Your view on WFH will shape your perspective on the recovery and the likely winners from that recovery. At Hotel Analyst we have nailed our colours to the mast of a recovery in offices and corporate travel. But there are smart people taking the opposite view. 

In finance, a number of the big banks have taken dramatic decisions to reduce office space. HSBC has announced a 40% reduction and Lloyds wants 20% less. Standard Chartered is to allow about half its staff to apply for hybrid work. 

Set against this are the views of JP Morgan, Goldman Sachs, Blackrock and Barclays, among others. These firms believe a return to office culture is vital for productivity. 

It is not easy to disentangle whether businesses are cutting space due to pressure to save costs or whether they believe there has been a fundamental shift in how professional services businesses will operate going forward. Best perhaps to adopt the fashionable expression of each having their own truth. 

For hospitality and some other segments of operational real estate, the important point is the net impact on demand which hinges on the net balance of these “truths”. The key point being whether enough businesses switch into expansion mode to compensate for those reducing space. This remains unclear. 

Also unclear is the impact on hotel supply. If development remains constrained and some hotels cease trading due to conversion to alternative use, then the net supply demand picture may still be good. 

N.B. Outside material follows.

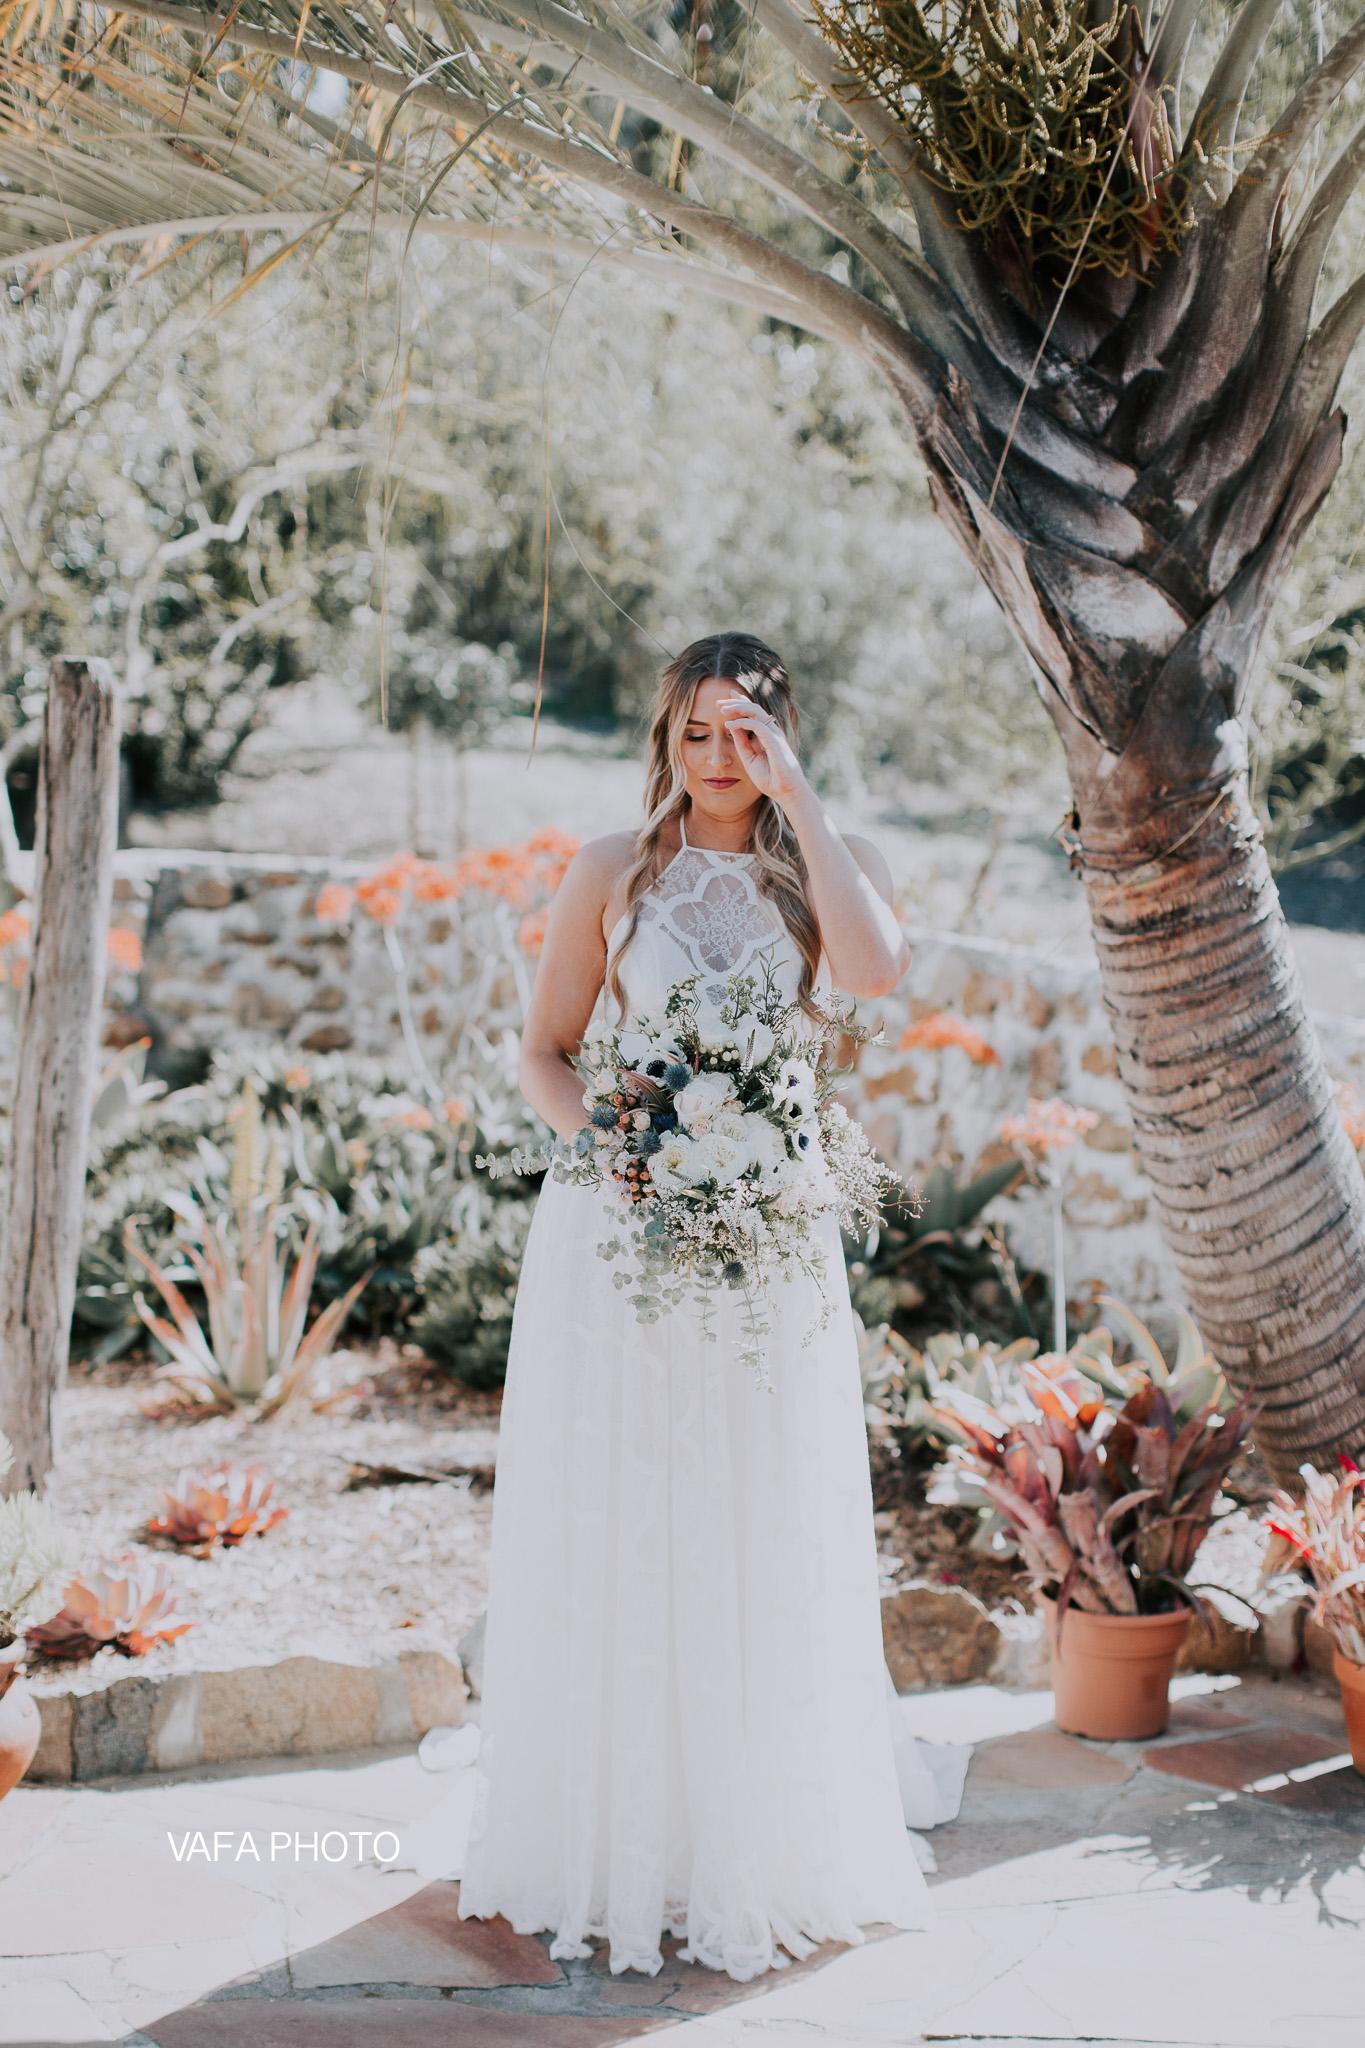 Leo-Carrillo-Ranch-Wedding-Lauren-Mike-Vafa-Photo-326.jpg

Underpinning all of this is the economic outlook. The OECD club of rich countries has upgraded its growth predictions for most highincome countries. The UK has been given a growth estimate of 5.7% this year and 4.7% next year and the Euro area 3.9% and 3.8% respectively. 

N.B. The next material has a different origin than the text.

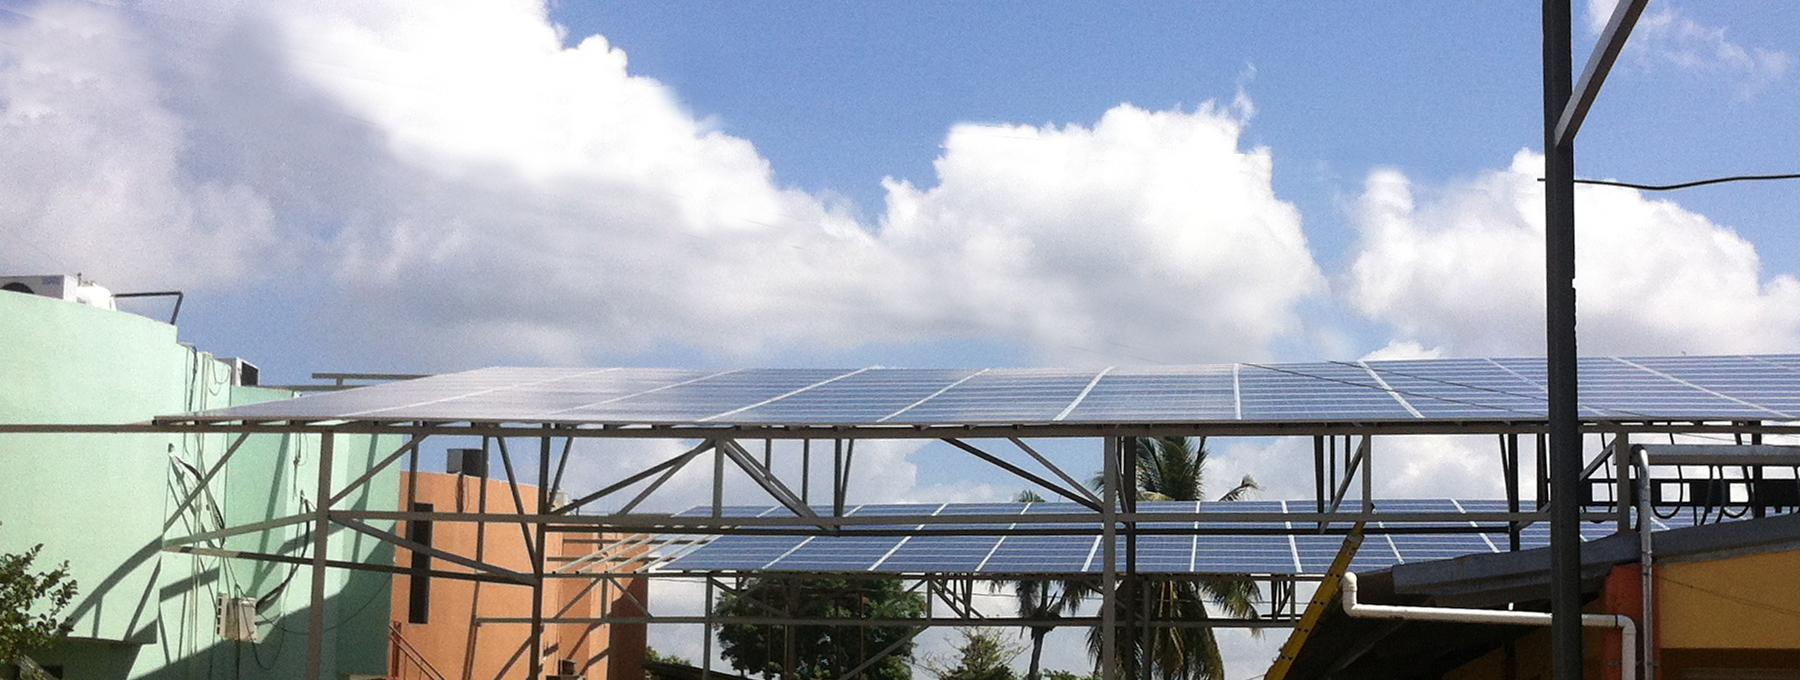 Latin America paneles solares | CivicSolar

This is much higher growth than we have seen in the recent past. There seems broad consensus around the next couple of years but thereafter the outlooks diverge. The OECD sees growth slipping straight back to trend rates seen pre-Covid at just 1.7% for the UK in 2023, good but hardly great. And certainly not the Roaring Twenties. 

Some of the best analysis I have seen on the office market (and indeed wider real estate) is by Dror Poleg. His vision is one where there is a modest decrease in total demand for offices but employees are increasingly viewed as consumers and office provision has to be much more flexible. 

In fact, offices end up looking a lot like hotels except think day occupation by people wanting a desk rather than night occupation by people wanting a bed. You might call it the hotelisation of offices.